Process for producing an organic core high concentration polymeric amphiphilic slender thin film nanostructure for application against ultraviolet radiation according to claims 1 and 2, characterized in that the organic phase is used as an organic solvent ethyl acetate wherein the polyoxyethylene polyoxypropylene hydrophilic copolymer and sorbitan laurate 80 EO are added individually as a nonionic surfactant; the aqueous phase is prepared with distilled water and cetyl phosphate as a surfactant, and the dilution phase is prepared with distilled water and surfactants such as sodium lauryl ether sulfate, or coco fatty acid diethylamide and coconut fatty acid sorbitan laurate. IT'S THE;

Process for the production of an organic high-density polymeric amphiphilic blend thin film nanostructure for application against ultraviolet radiation according to claims 1 and 2, characterized in that a core shell is used for constitution of the core shell. blend of a hydrophobic polymer of the polyester, polycarbonate, acrylate, methacrylate type, acrylate, polyhydroxybutyrate, vinyl, styrenic, acrylamide, methacrylamide derivatives, or polymers of different molecular weights of 10 kDa or 45 kDa or 90 kDa mixed to a hydrophilic copolymer of the polyether, polyacid, polyol, polyoxyethylene or polyoxypropylene type, and for the composition of the nucleus the combination of chemical ultraviolet radiation protection agents salicylates, cinnamates, benzophenones, anthranilates, benzoylmethanes, camphor derivatives, triazones and PABA derivatives (or p-aminobenzoates) comprising a physical mixture ca liquid temperature at 22 to 25 ^Q C.

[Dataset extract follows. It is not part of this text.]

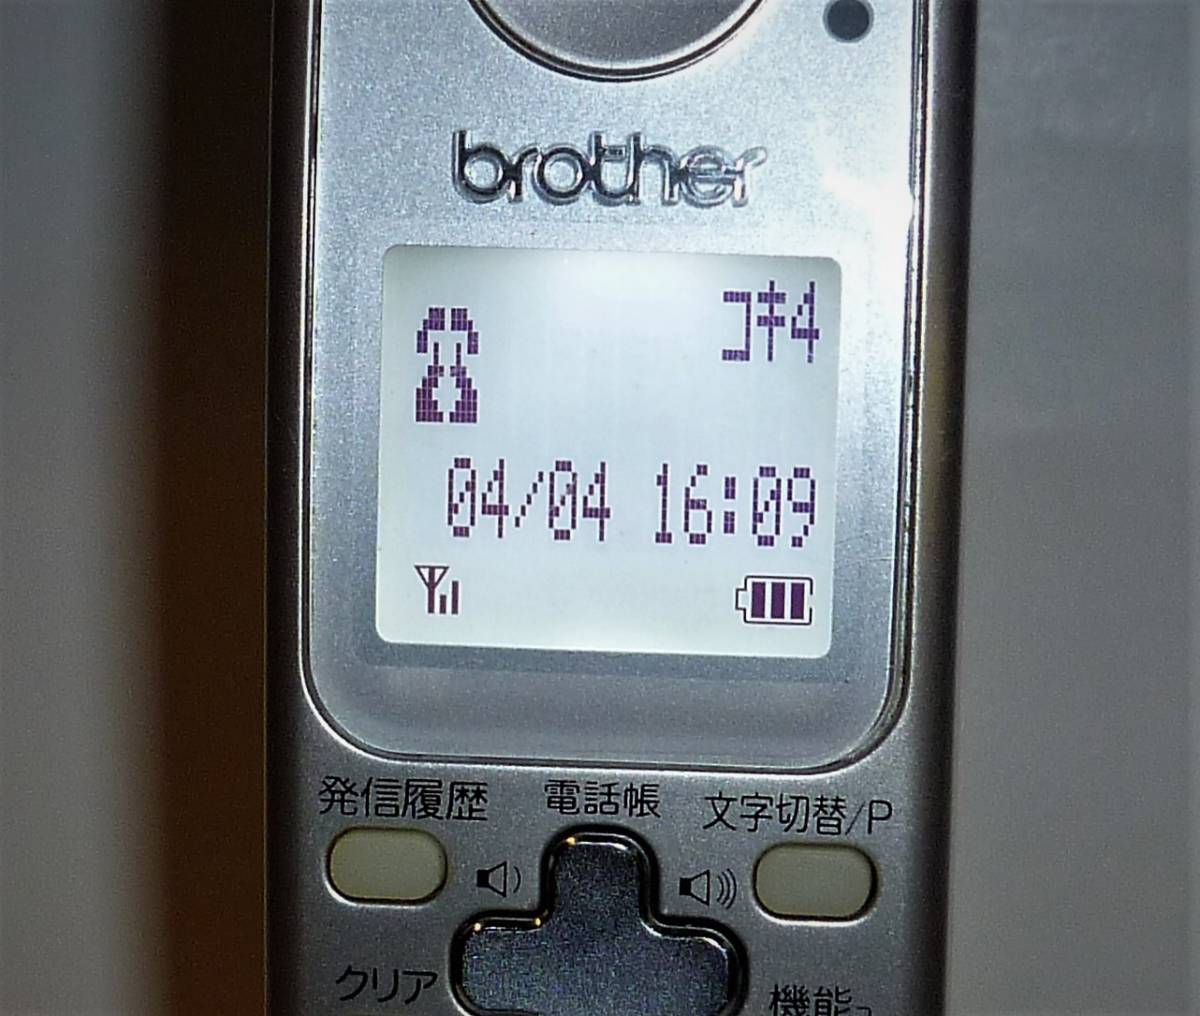 Brother Brother беспроводной FAX телефон расширение беспроводная телефонная трубка BCL-D30 KG оригинальный аккумулятор имеется подтверждение рабочего состояния товар

5. Production process of high core concentration polymeric amphiphilic thin film nanostructure Organic material for application against ultraviolet radiation according to Claims 1 and 2, characterized in that the organic phase is prepared under magnetic or mechanical stirring at 200 rpm and at a temperature of 50 ° C until the total dissolution of the components; the aqueous and dilution phases are prepared under mechanical agitation of 200 rpm and 25 ° C until complete surfactant solubility; emulsion formation occurs by adding the organic phase to the aqueous phase directly with mechanical stirring of 7,000 rpm, the emulsion formed being transferred to the reactor under mechanical stirring at 400 rpm, and the dilution phase being added directly to the reactor; and the system remains under vacuum of 200 mmHg, at a temperature of 50 ° C, with mechanical stirring of 400 rpm for a time period of 40 minutes for extraction of the organic solvent.

Process for the production of a high-concentration polymeric amphiphilic blend thin-film nanostructure of an organic character for application against ultraviolet radiation according to claim 5, characterized in that a blend of the core shell is used for constitution of the core shell. polycaprolone hydrophobic polymer mixed with the polyoxyethylene or polyoxypropylene hydrophilic copolymers, and the combination of at least two ultraviolet radiation shielding chemicals to form the core.